It is important to have the right skills available on your team if it is to be successful. But what do you do when you know there is a gap in the available skill set among your team members? One way to quickly fill that gap is to add consultants to the mix. Let’s look at some strategies for finding those additional team resources for that next hard-to-staff project.
A quick fix for short-term needs
In today’s highly dynamic IT shops, development managers are often faced with rapidly changing staffing needs based on project requirements. This has spurred many organizations to downsize to a "core" development staff made up of key personnel who can handle day-to-day service requests. Consultants or short-term contract professionals can then be acquired to handle increased resource requirements for individual projects.
If you've decided to use a consultant to help fill some gaps in your development team's skill set, you should know your options. Here are three general categories of short-term contracting professionals you can find close to home.
The least costly of short-term help is the independent contractor. This professional usually has a specific talent that's high in demand and short in supply.
For the contracting organization, this person represents the highest risk in the event of failure. Therefore, many organizations don't rely on independent consultants for mission-critical applications. Instead, they employ them as supplemental staffing for routine application work.
Professional consulting groups
Many organizations will contract with professional consulting groups to cover strategic project resource requirements. These firms maintain a standing in-house reserve of available consultants with diverse talents who are assigned to temporary projects.

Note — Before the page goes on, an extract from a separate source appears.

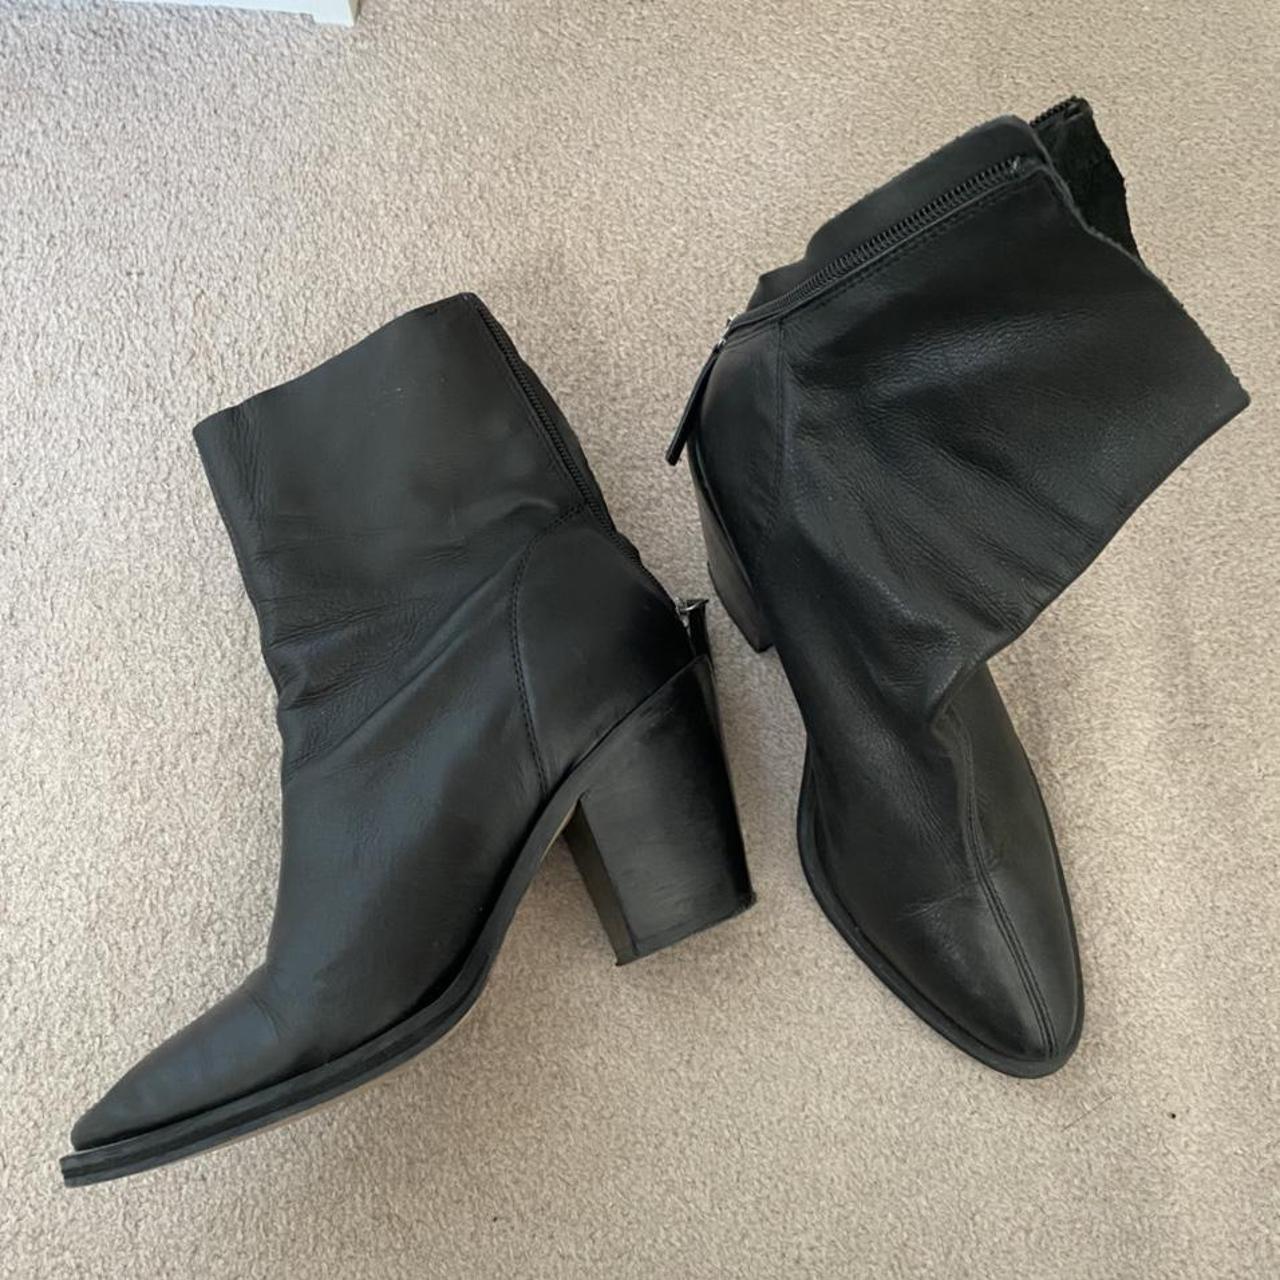 Product Image 2 - Topshop real leather ankle boots.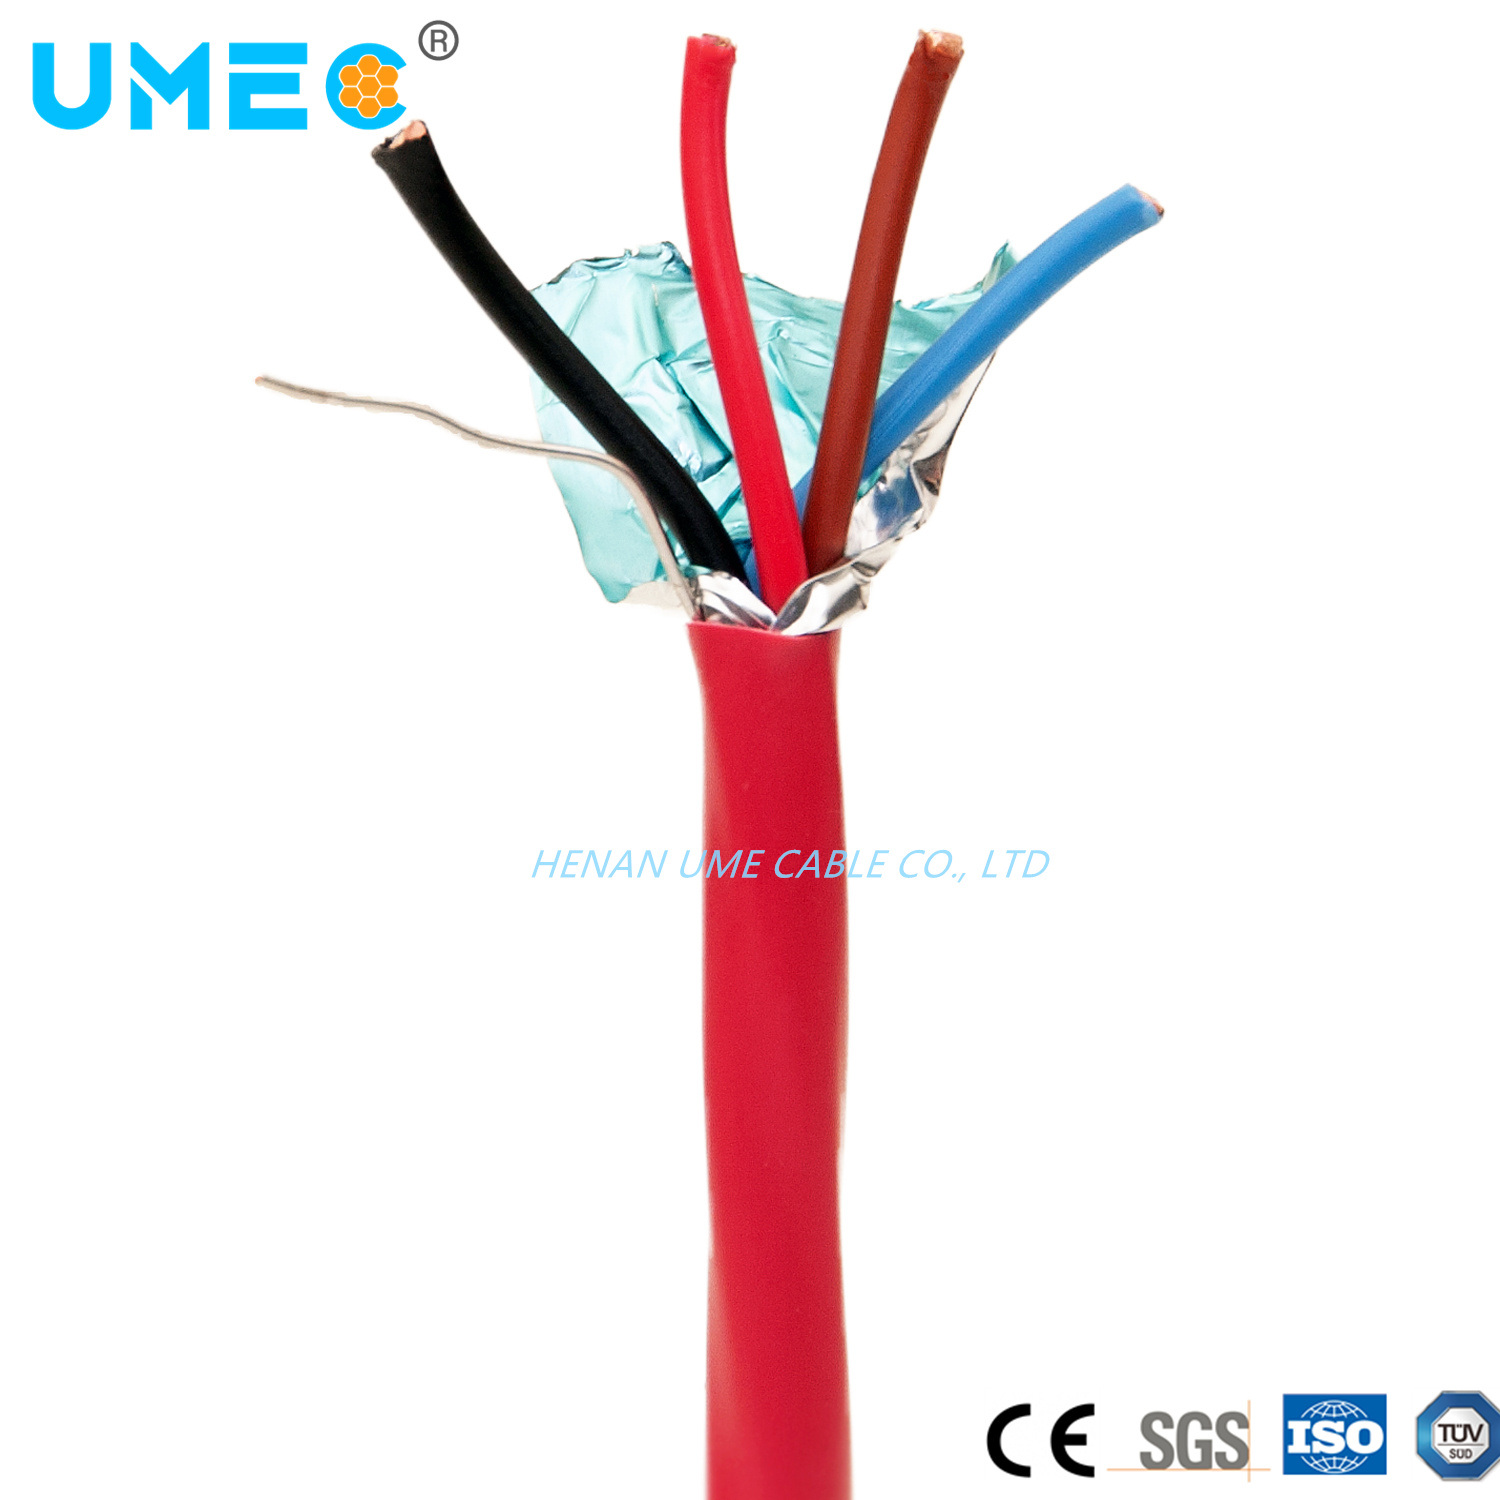 Fire Alarm Cable 12 / 14 / 16 / 18 / 22 AWG Solid Shielded Unshielded 2c / 4c Fplr Security Fire Alarm Cable

Because the consulting group maintains a wealth of talent, the risk is reduced for the hiring organization. Contracts with consulting groups often include penalties and risk sharing in the event of failure. To cover expenses, fees are usually substantially higher in these contracts.
Software development firms
Often, a project is put out to bid to a contracting organization. This is frequently a means to cut costs when a customized solution is necessary. Typically, the hiring organization will comanage the development using the contracting firm's resources.
Cost to the hiring organization is usually controlled by the contract. This solution can be less expensive than developing in-house or employing the help of professional consultants.
If you're unable to find the skills you need in your own backyard, it might be time to expand your horizons. With the development of the Internet, contractors are becoming available from around the world.
Independent foreign contractors
Many independent foreign contractors seek opportunities in the United States for short-term and long-term assignments. Organizations often pursue these professionals for specialty skills otherwise unavailable through traditional means. The U.S. Immigration and Naturalization Service (INS) requires the completion of an H-1B work visa application prior to any job offer, which is usually a process of six to 10 weeks.
Cost and risk are usually low in these agreements because of the level of commitment necessary from both parties. But due to the visa process, you can typically expect a substantial wait for the resource to become available.
Offshore consulting groups
The most recent development in contracting is the rapid rise in offshore firms offering inexpensive consulting help. Offshore consulting groups usually provide a wide range of software development services from a remote location via the Internet.
Many development managers believe contracts of this type run a high risk due to communication issues. One way to offset this concern is for the consulting group to maintain a physical presence at the contracting business's location in the form of a project manager or a team leader.
Many organizations are reducing the size of their in-house development teams in favor of a project-oriented approach to staffing. Specific skills are acquired from external sources to provide the necessary resources to staff in-house projects.
As a team leader or development manager, you currently have many options to choose from. It's up to you to analyze your organization's needs and, based on project constraints, strike a balance between cost and risk.